For corporate adopters

Enterprises eyeing blockchain can look at Jiuzi as a “plug‑and‑play” option that sidesteps the need for in‑house blockchain expertise. The AI compliance engine alone could justify adoption for heavily regulated sectors, reducing the cost of manual monitoring and audit preparation.

For regulators

The deal is a test case for how foreign capital can support domestic tech under China’s “dual circulation” strategy. By aligning private blockchain development with state‑mandated digital currency frameworks, Jiuzi may become a model for future public‑private collaborations.

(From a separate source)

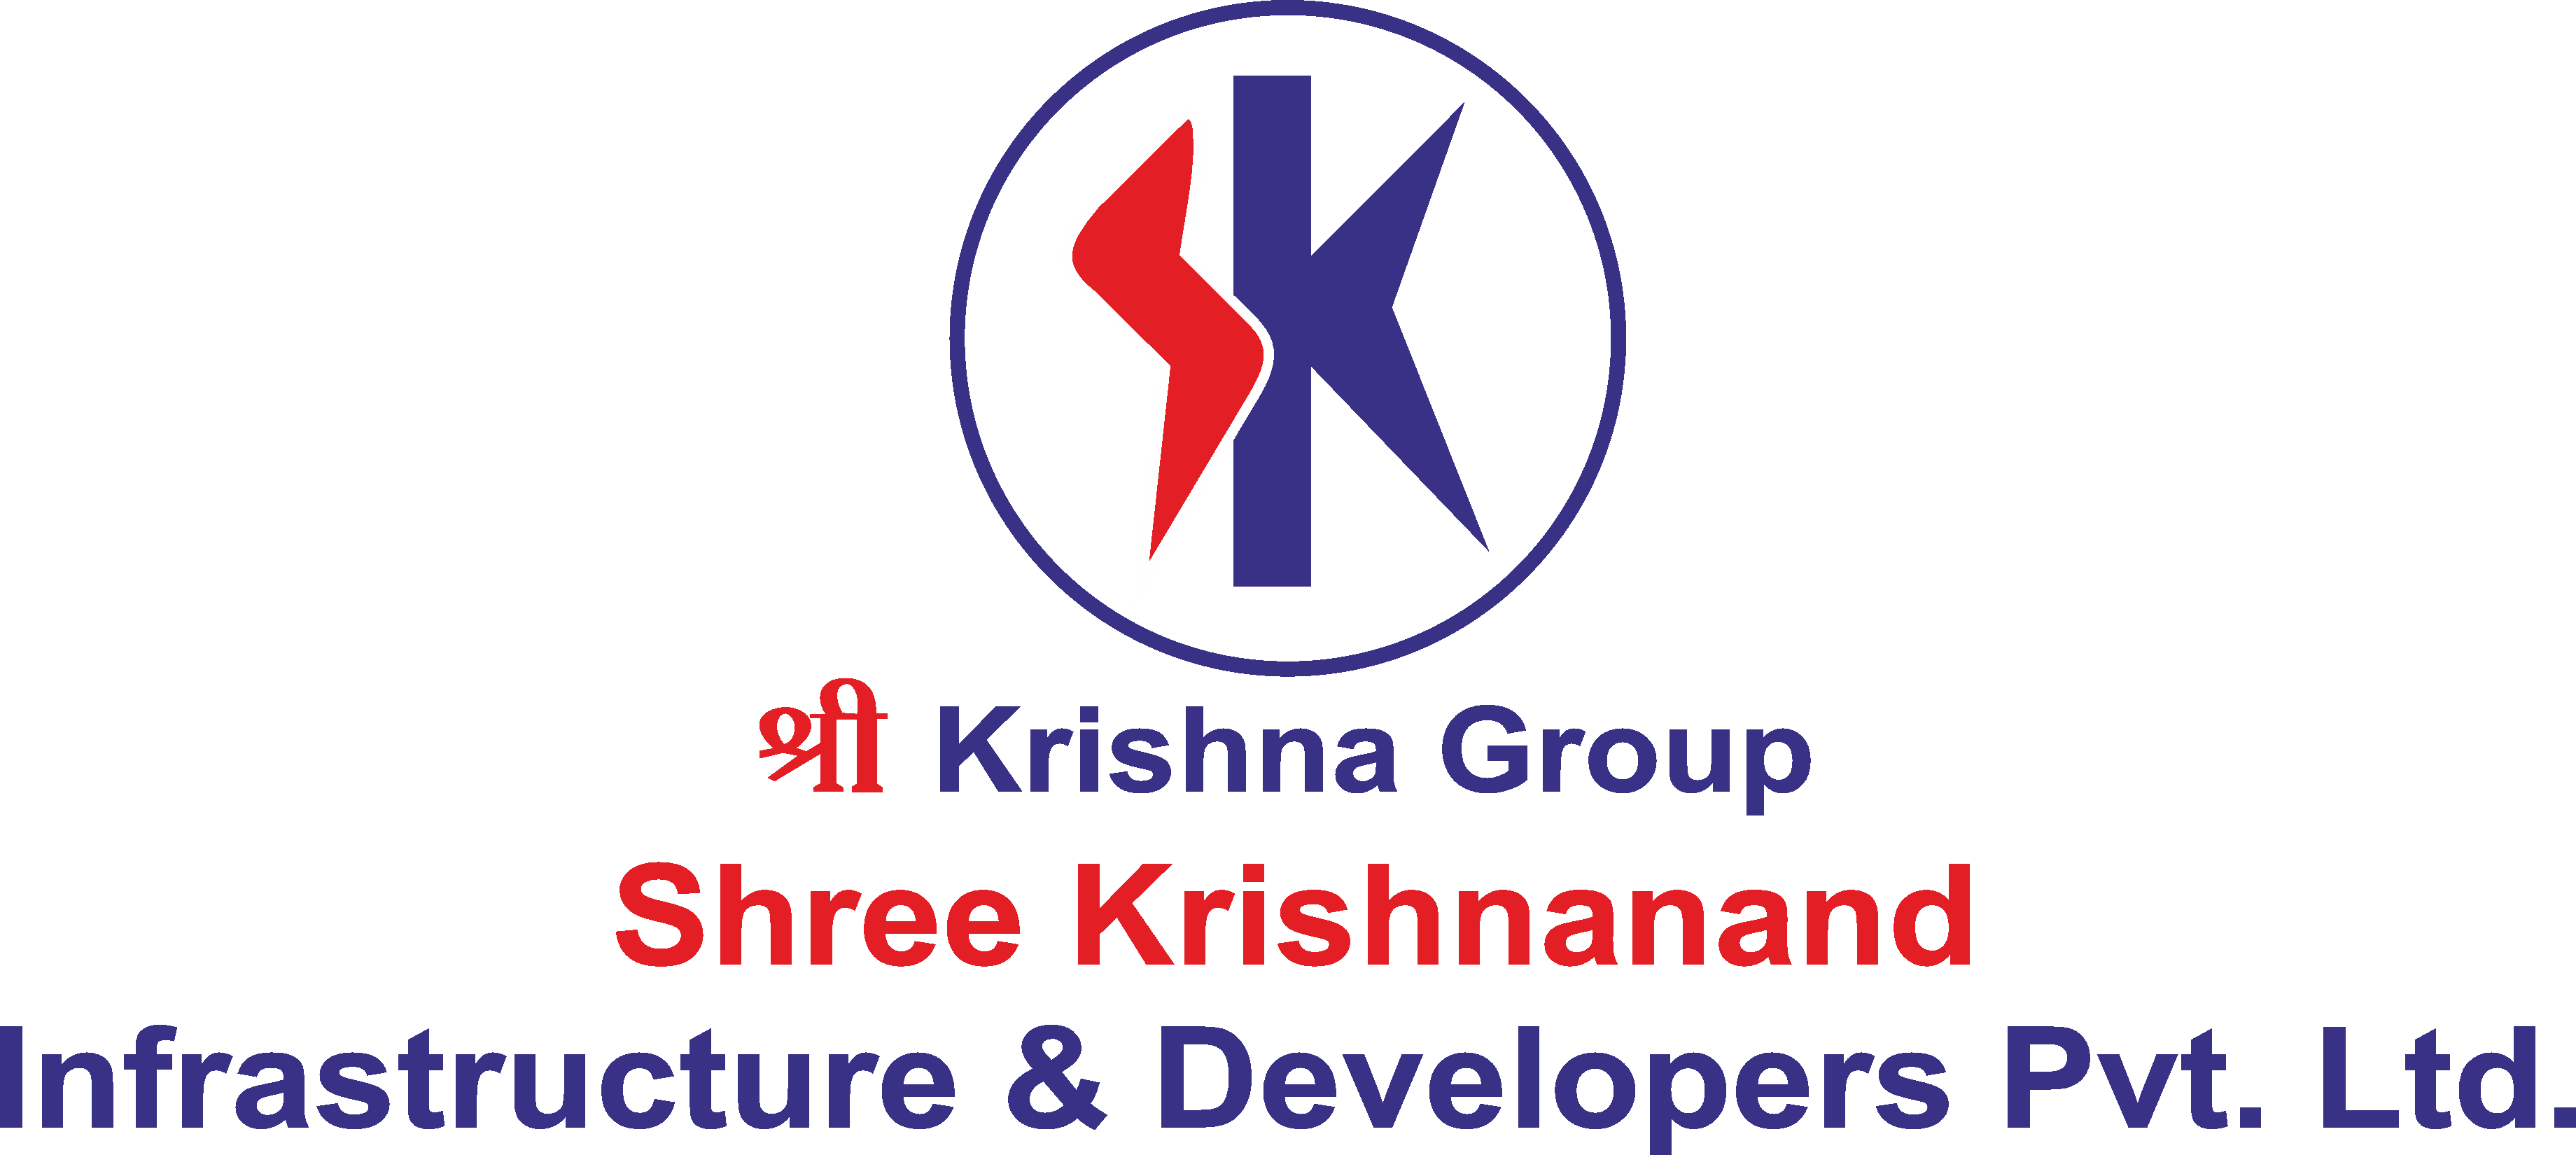 Shri Krishna Vector Art PNG, Jai Shri Krishna, Krishna Png, Krishnasthami,  Lord Krishna PNG Image For Free Download
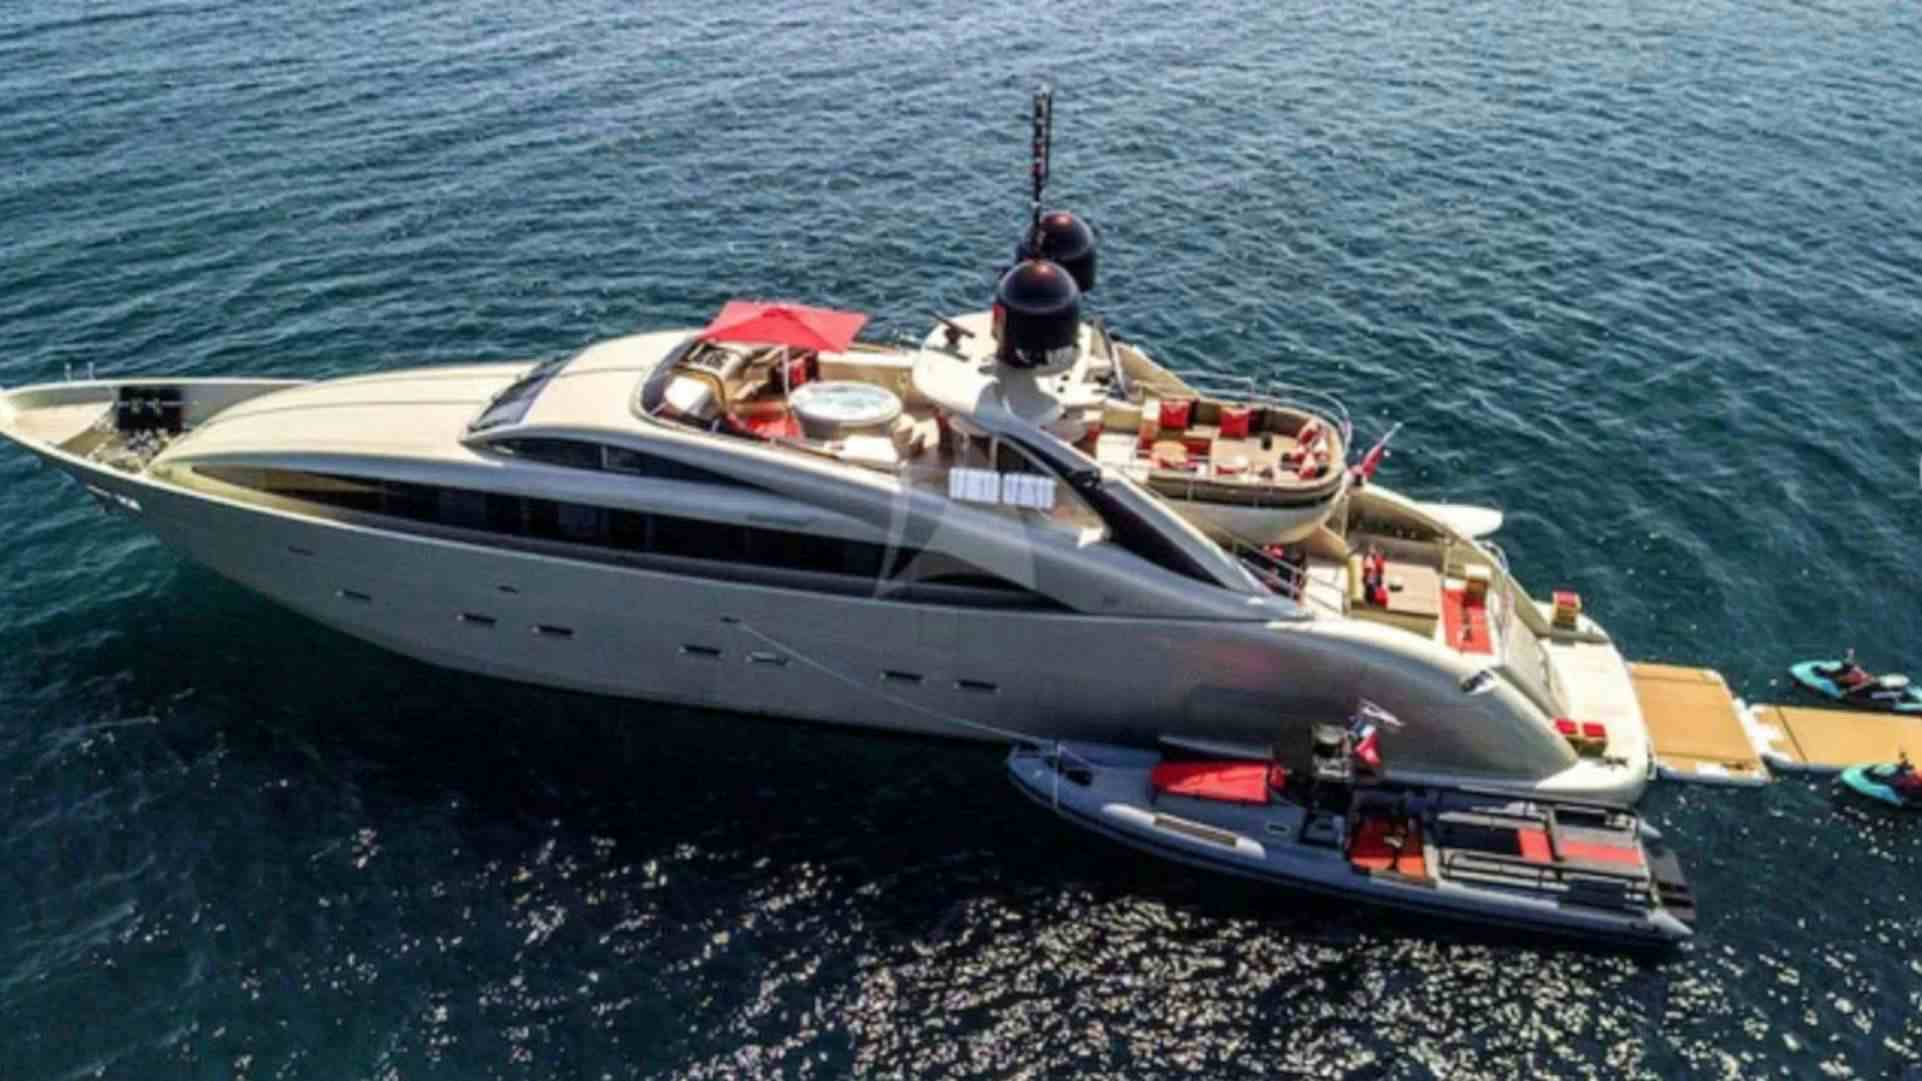 YCM 120 - Motor Boat Charter Italy & Boat hire in Riviera, Corsica, Sardinia, Spain, Balearics, Caribbean 1

Potential risks and challenges

  • Regulatory volatility: While permissioned blockchains are more palatable, any tightening of foreign equity rules could affect Morgan’s stake or future fundraising rounds.
  • Talent shortage: Scaling a high‑throughput ledger and AI engine demands niche talent in cryptography, distributed systems, and machine learning—areas where competition for engineers remains fierce.
  • Market adoption lag: Enterprises often pilot blockchain projects without a clear path to production. Jiuzi must prove ROI quickly to move beyond proof‑of‑concepts.

Morgan’s involvement, however, mitigates some of these concerns: the firm’s regulatory advisory team will help navigate policy shifts, and its global talent pipeline can supplement Jiuzi’s hiring efforts.

Outlook: A catalyst for a new era of “regulated decentralization”?

If Jiuzi’s roadmap unfolds as projected, the company could emerge as a cornerstone of China’s regulated decentralization strategy—a middle ground where the speed and transparency of blockchain meet the control and compliance demanded by regulators. Morgan International’s $90 million stake isn’t just a cash infusion; it’s a vote of confidence that the next wave of fintech will be built on smart, compliant, and AI‑enhanced distributed ledgers.

For stakeholders across the spectrum—investors, corporations, and policymakers—the partnership offers a tangible glimpse of how blockchain can transition from hype to a mainstream, revenue‑driving technology.